Smudge is such a...well it rhymes with itch.  Very anti-social and has never really taken to me, she belongs the Shrek.  But she is a pretty Kitty.

So glad LittleBit is doing better.


----------



## taxlady

Shreddy seems to be doing well. He is more alert and eating less. I've really enjoyed sleeping with him again.

CG, how is your kitty doing? Still eating well and keeping it down?


----------



## taxlady

One of my friends posted this on FaceBook and I shared it. I thought I should share it here too.


----------



## Cooking Goddess

taxlady said:


> Shreddy seems to be doing well. He is more alert and eating less. I've really enjoyed sleeping with him again.
> 
> CG, how is your kitty doing? Still eating well and keeping it down?

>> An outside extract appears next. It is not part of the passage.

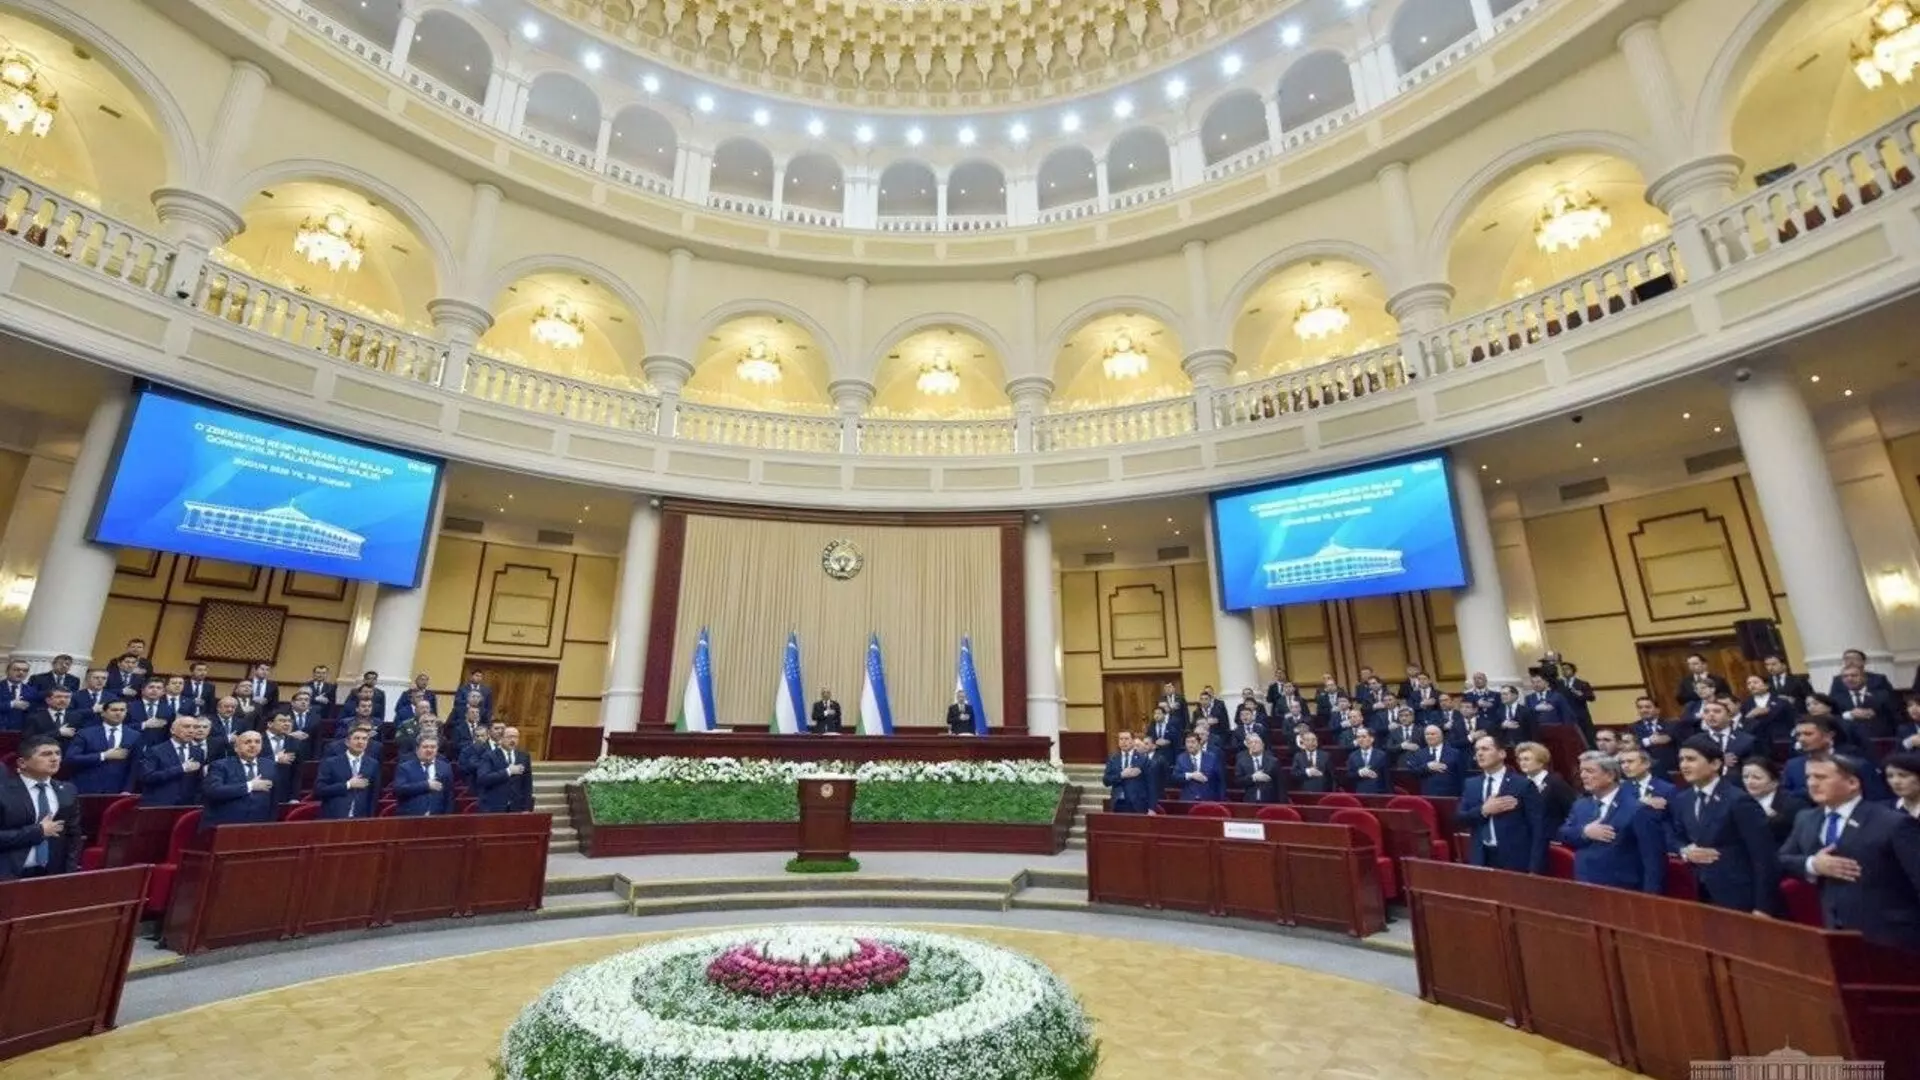 Параллельный импорт под угрозой: Узбекистан присоединился к антироссийским санкциям

Glad to hear your good update on Shreddy!  Like you, all is good on our homefront.  LittleBit is back to normal...at BOTH ends of the digestive track.   From the looks of it, maybe her treats should have been Ex-Lax tablets!


----------



## MrsLMB

taxlady said:


> One of my friends posted this on FaceBook and I shared it. I thought I should share it here too.


 

This is actually VERY good advice - and especially with the colder weather coming on.

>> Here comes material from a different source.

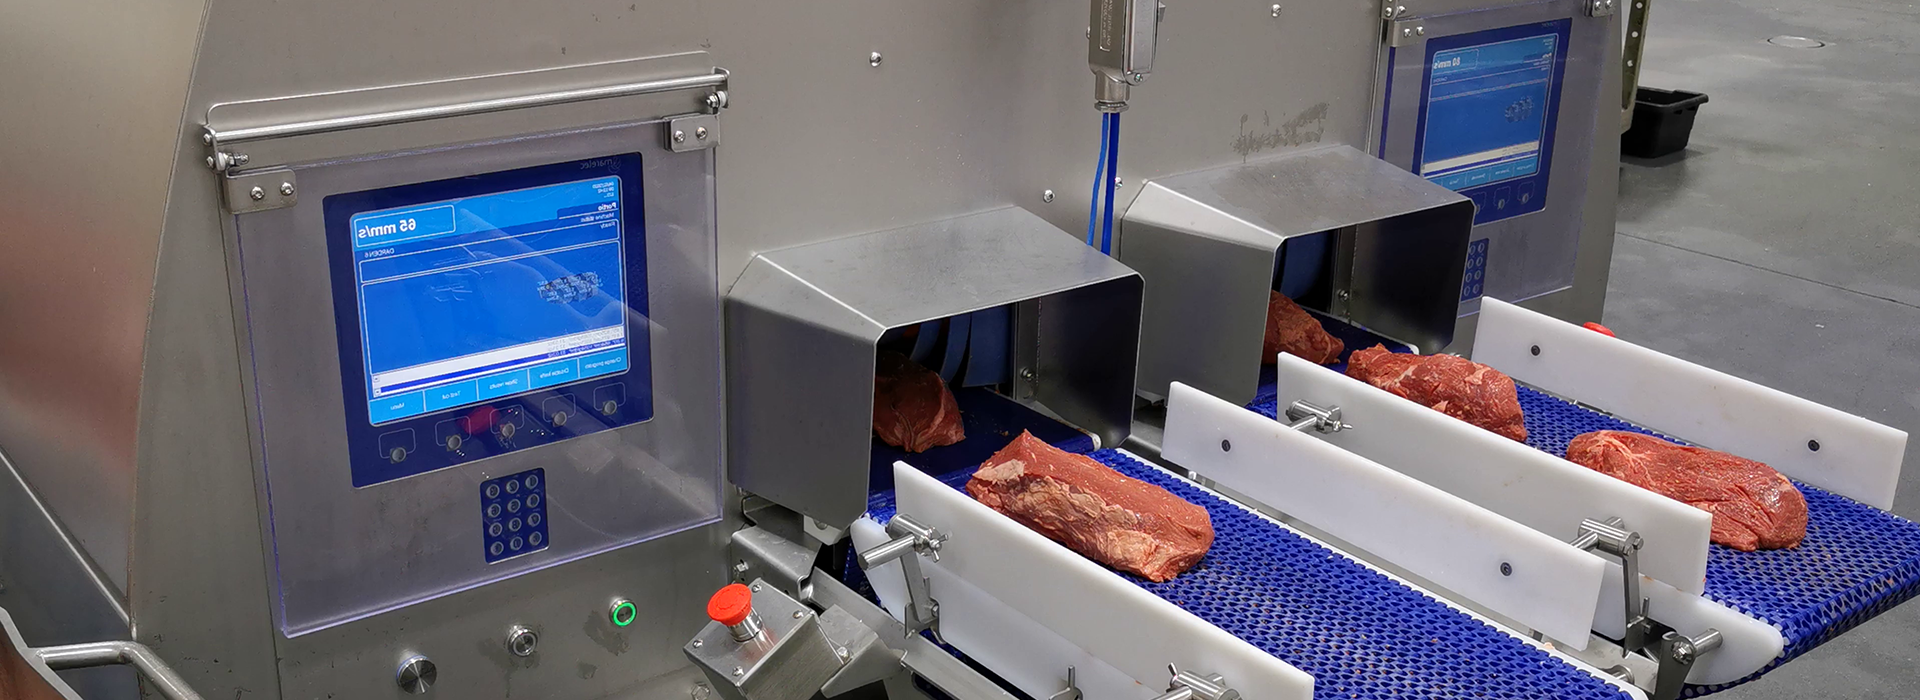 PORTIO 3D切割机适用于圆形的红肉产品如牛排，西冷，眼肉，里脊，猪里脊等。

I had a neighbor many years ago who lost their cat that way.

It doesn't take any extra time, just bang on it as you are walking by.


----------



## taxlady

Just got a call from the vet. Shreddy's thyroid levels are back to normal. Yay


----------



## jabbur

taxlady said:


> Just got a call from the vet. Shreddy's thyroid levels are back to normal. Yay



Best Christmas Present Ever!!! Great news Taxy!


----------



## PrincessFiona60

taxlady said:


> Just got a call from the vet. Shreddy's thyroid levels are back to normal. Yay



Fantastic!  Yay!


----------



## Rocket_J_Dawg

taxlady said:


> Just got a call from the vet. Shreddy's thyroid levels are back to normal. Yay



Fantastic news Taxy. I know how much you were worried. At least Christmas will be a little more relaxed for you.


----------



## taxlady

Rocket_J_Dawg said:


> Fantastic news Taxy. I know how much you were worried. At least Christmas will be a little more relaxed for you.


Definitely more relaxed. At close to $1,600 for the I-131 treatment, I really wanted it to work. I'm relieved that I won't have to consider paying for a second treatment. 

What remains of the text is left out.